▶ **WHAT TO WORK ON**: Apart from the pictures, the listing is to be returned exactly.

▶ **DATA SHOWN**:
=-=-=-=-=
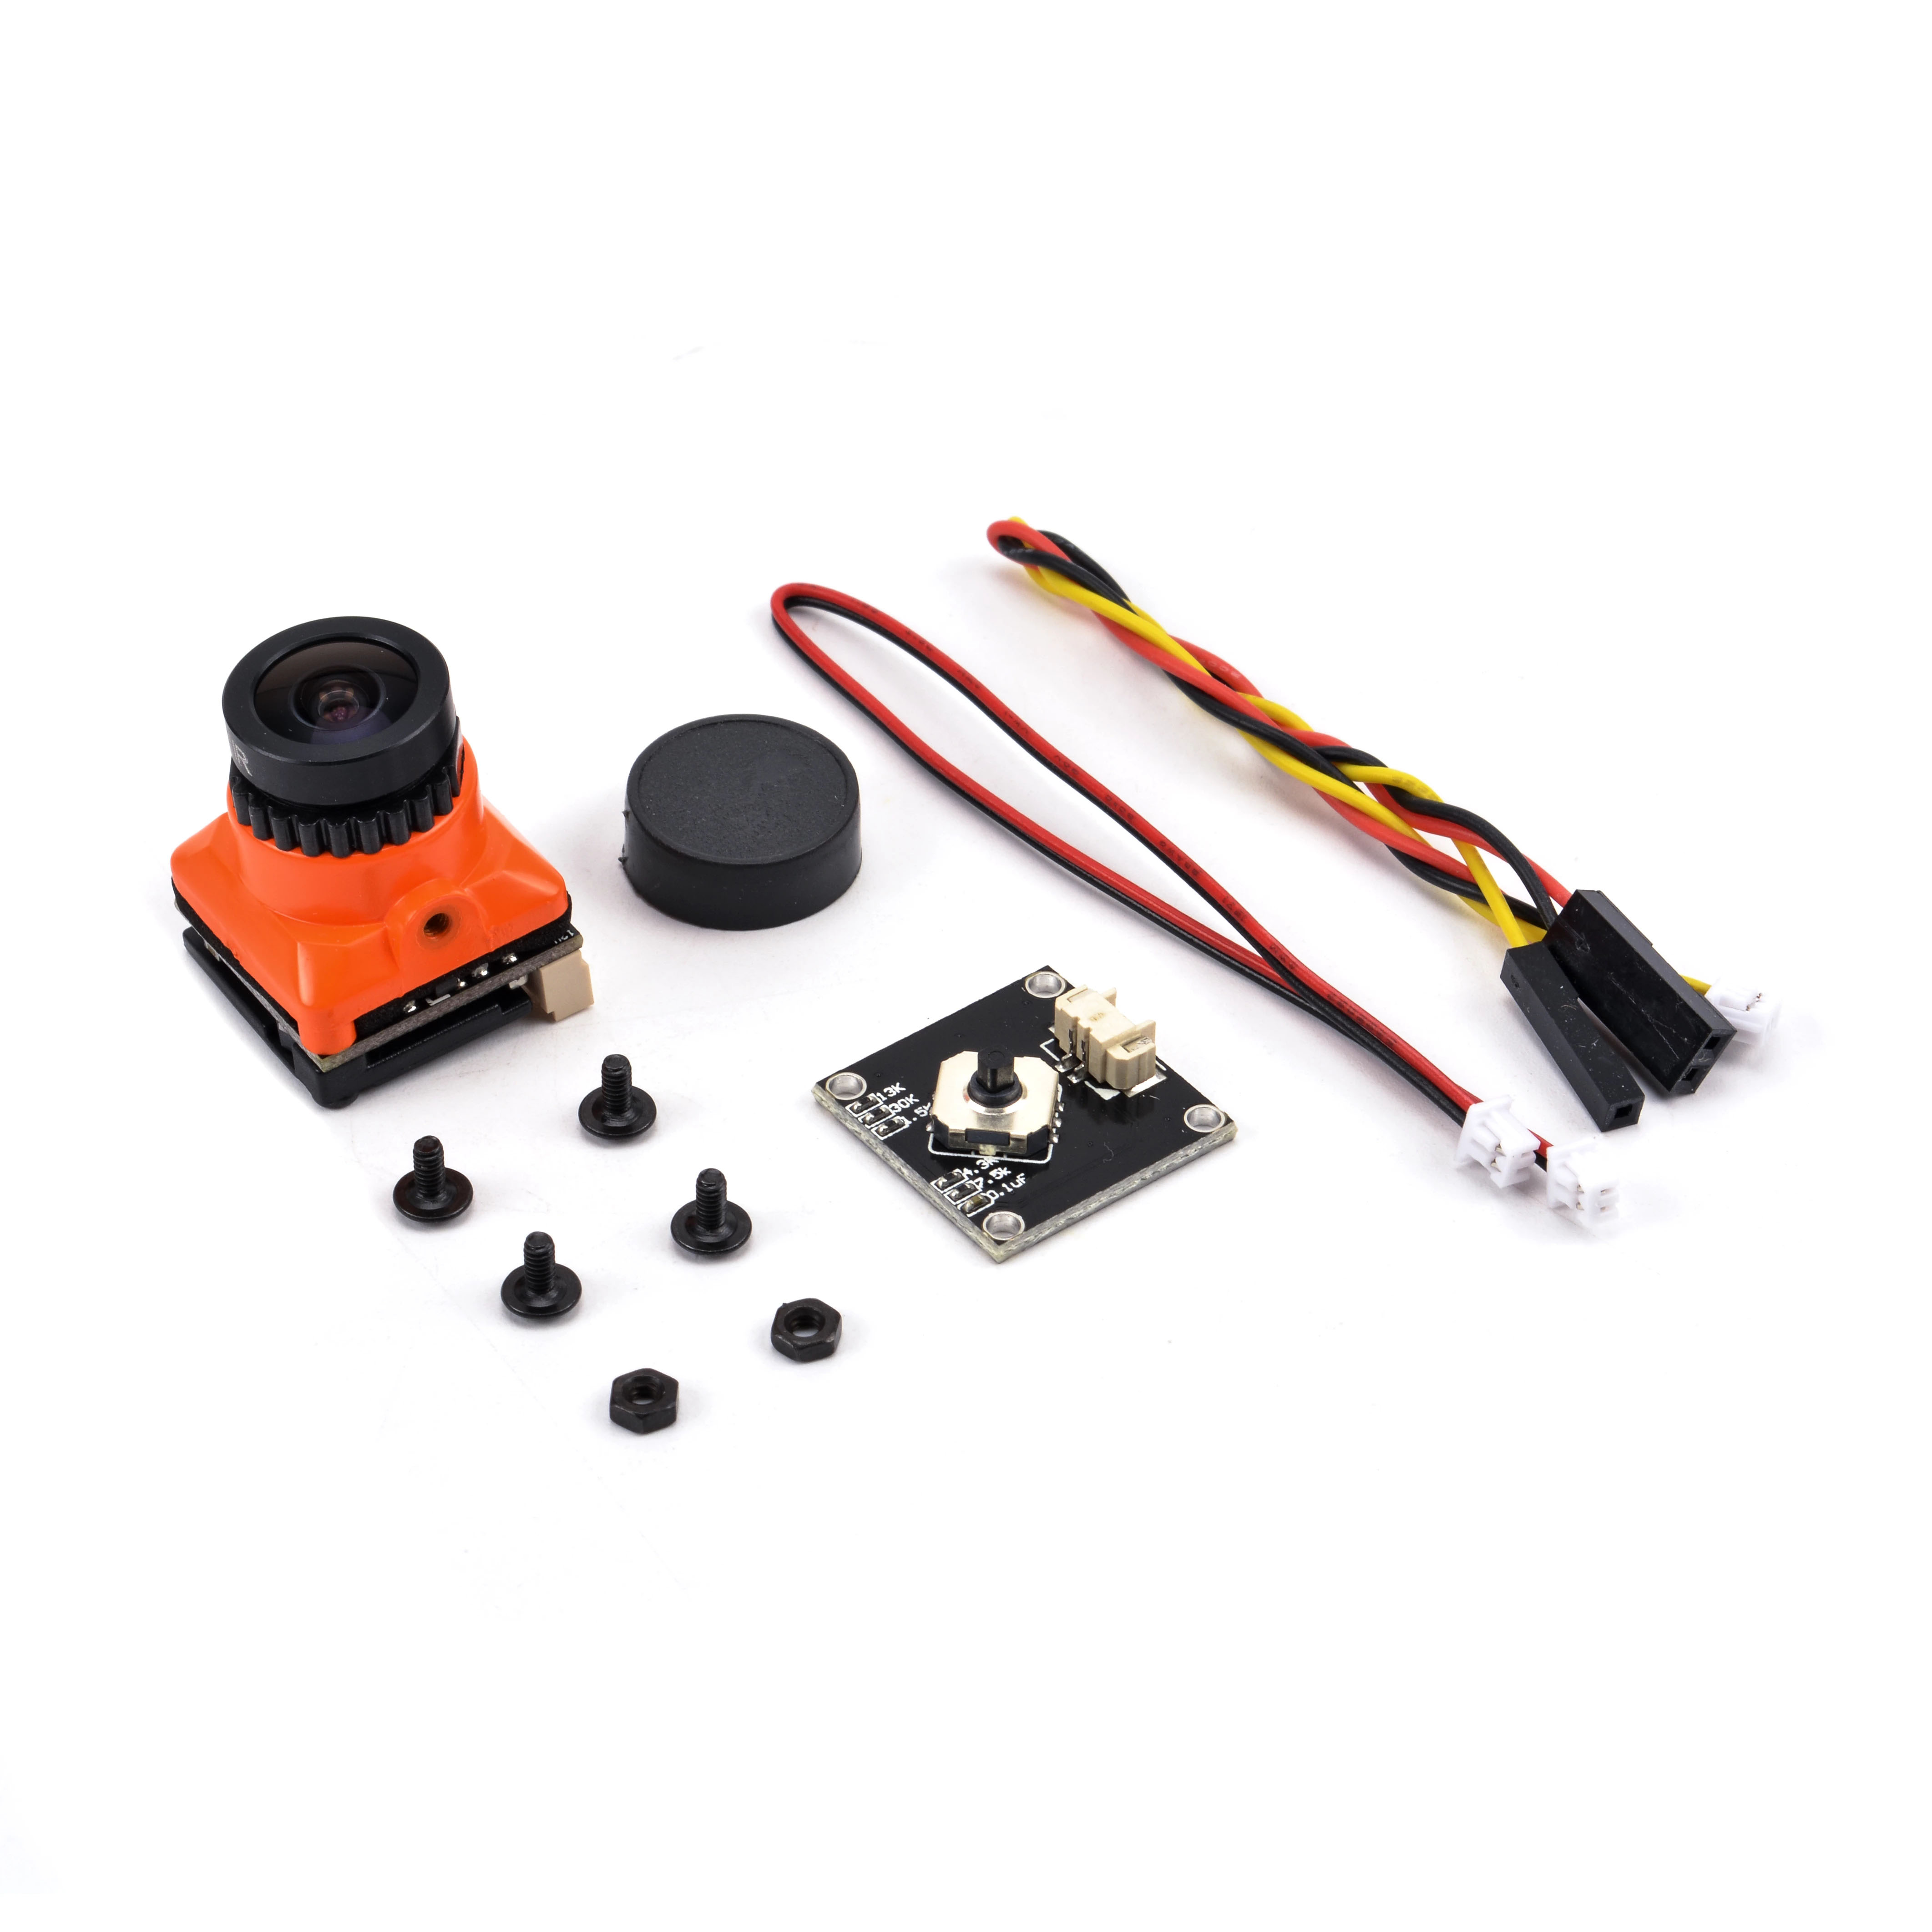 كاميرا صغيرة FPV 1/3 CMOS 1500TVL B19 ، lente de 2,1 مللي متر PAL / NTSC مع OSD دي فاونسيا إنتر قابل للتعديل 5V-30 الفقرة درون دي كاريرا
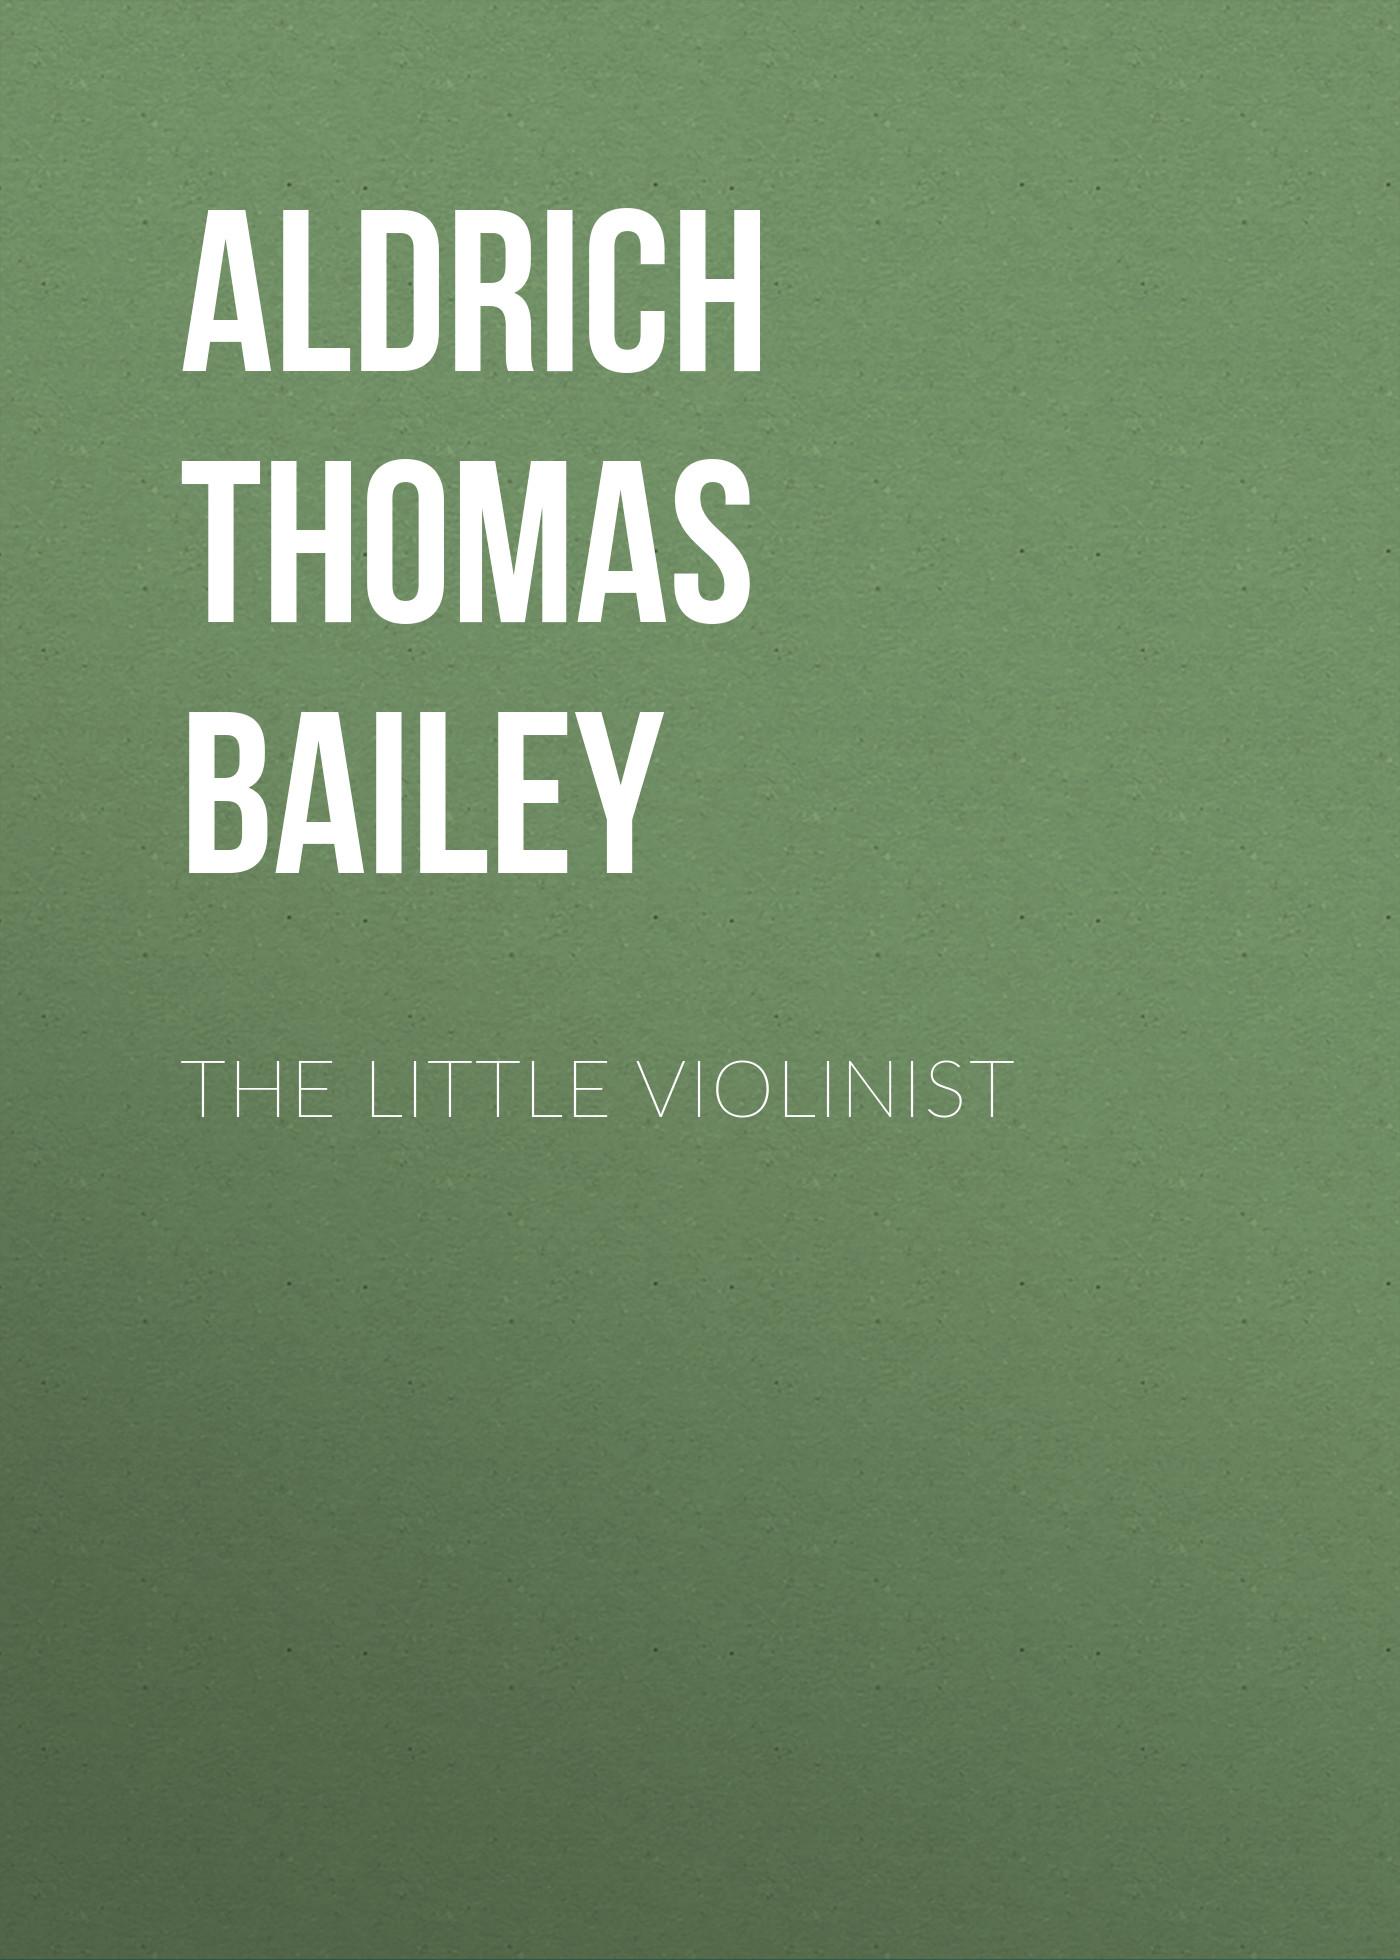 Aldrich Thomas Bailey The Little Violinist aldrich thomas bailey wyndham towers
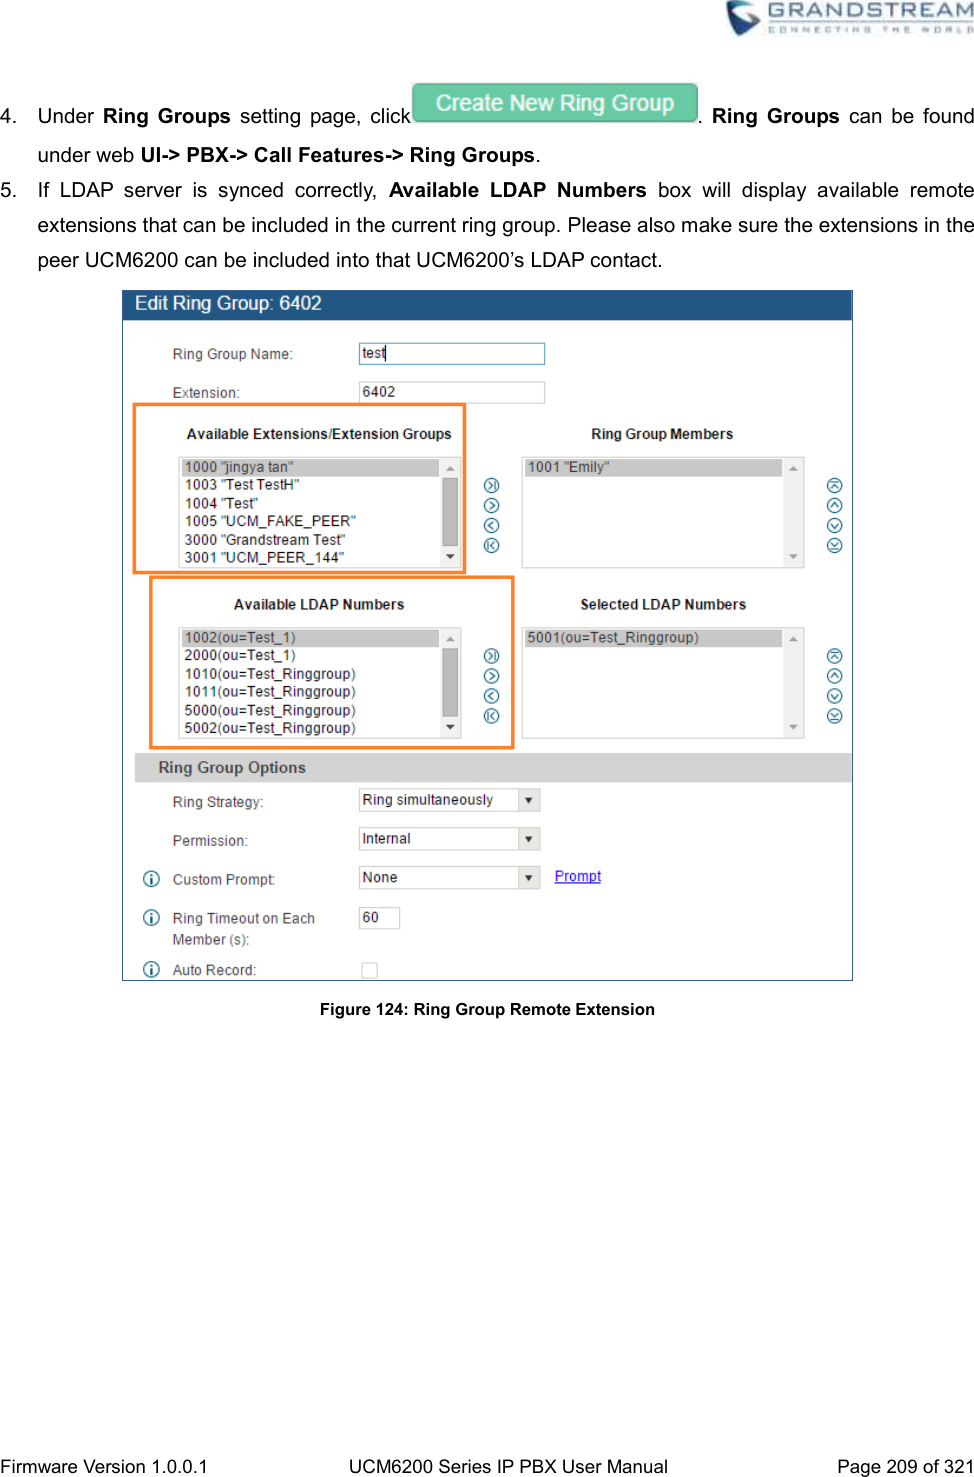 Grandstream Networks UCM6202 IP PBX User Manual
=-=-=-=-=
▶ **ANSWER SPACE**:
 كاميرا صغيرة FPV 1/3 CMOS 1500TVL B19 ، lente de 2,1 مللي متر PAL / NTSC مع OSD دي فاونسيا إنتر قابل للتعديل 5V-30 الفقرة درون دي كاريرا
 Aldrich Thomas Bailey The Little Violinist aldrich thomas bailey wyndham towers
 Grandstream Networks UCM6202 IP PBX User Manual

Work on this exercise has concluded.